History of the Peloponnesian War

Thucydides

Thucydides, Vol. 1-4. Smith, Charles Foster, translator. London and Cambridge, MA: Heinemann and Harvard University Press, 1919-1923.

And Lamachus, seeing this, came to their aid from his own place on the left wing, with a few bowmen and the Argives, whom he took with him; and advancing across a ditch and being cut off with a few of those who had crossed with him, he was killed himself and five or six of his followers. These the Syracusans at once hastily snatched up and succeeded in carrying over the river to safety, themselves retreating when the rest of the Athenian army began now to advance.

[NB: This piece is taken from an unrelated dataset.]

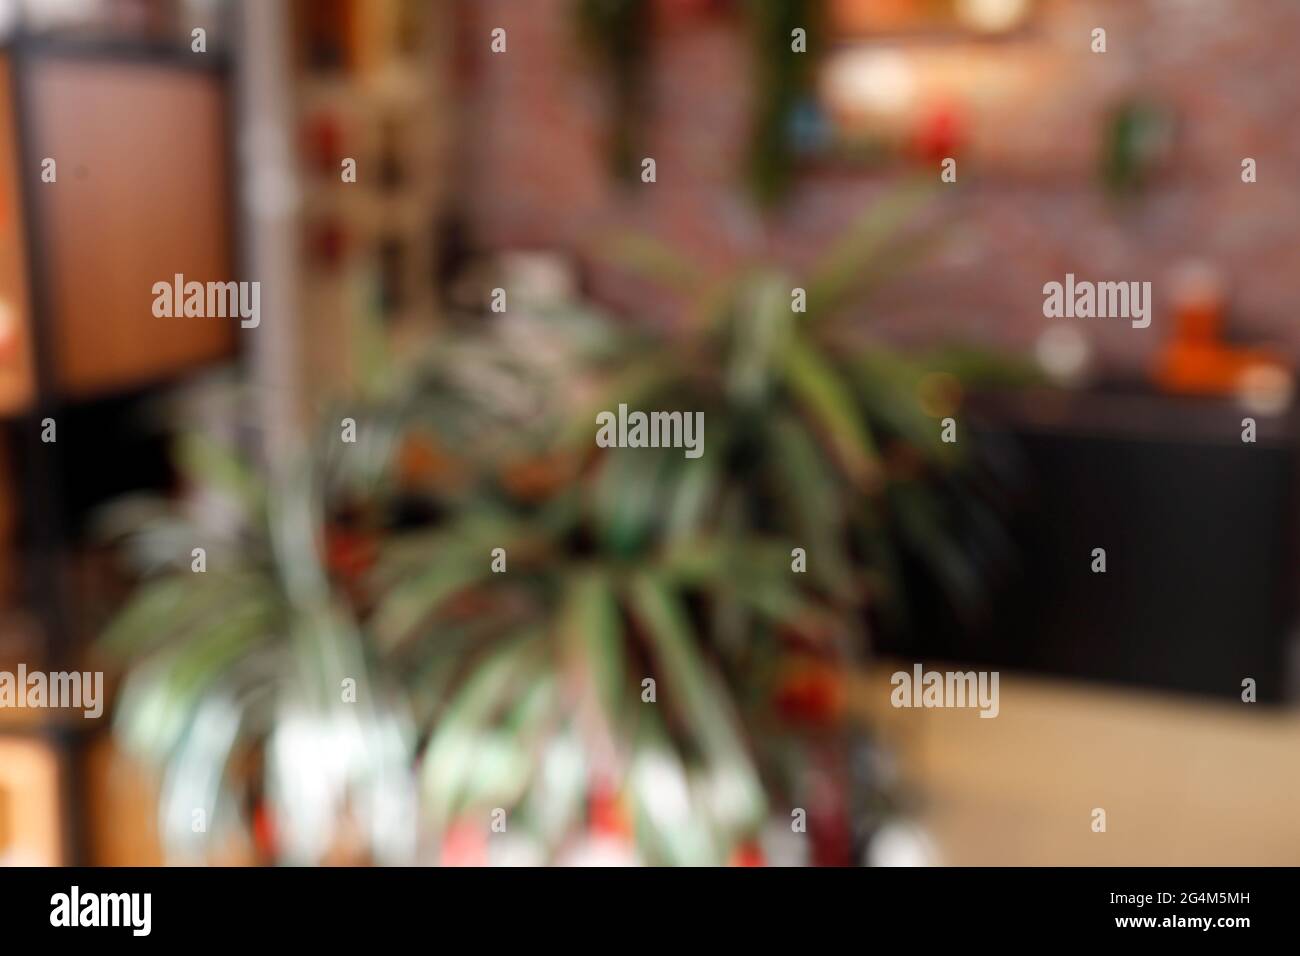 home or office unfocused background scene Stock Photo

Meanwhile those of them who had fled at first to the city, seeing what was going on, themselves took courage, and coming back from the city drew up against the Athenians in front of them; and they sent a part of their number against the round fort on Epipolae, thinking that they would find it without defenders and be able to take it.

And they did indeed take and demolish their outwork of one thousand feet in length, but the round fort itself Nicias prevented their taking; for he happened to have been left behind there on account of illness. He ordered the attendants to set fire to the engines and wood that had been thrown down before the wall, seeing that they would be unable through lack of men to be saved in any other way.

And it turned out so; for the Syracusans, coming no nearer because of the fire, now retreated. And, besides, reinforcements were already coming up to the round fort from the Athenians below, who had chased away the enemy there, and their ships at the same time were sailing down, as they had been ordered, from Thapsus into the Great Harbour.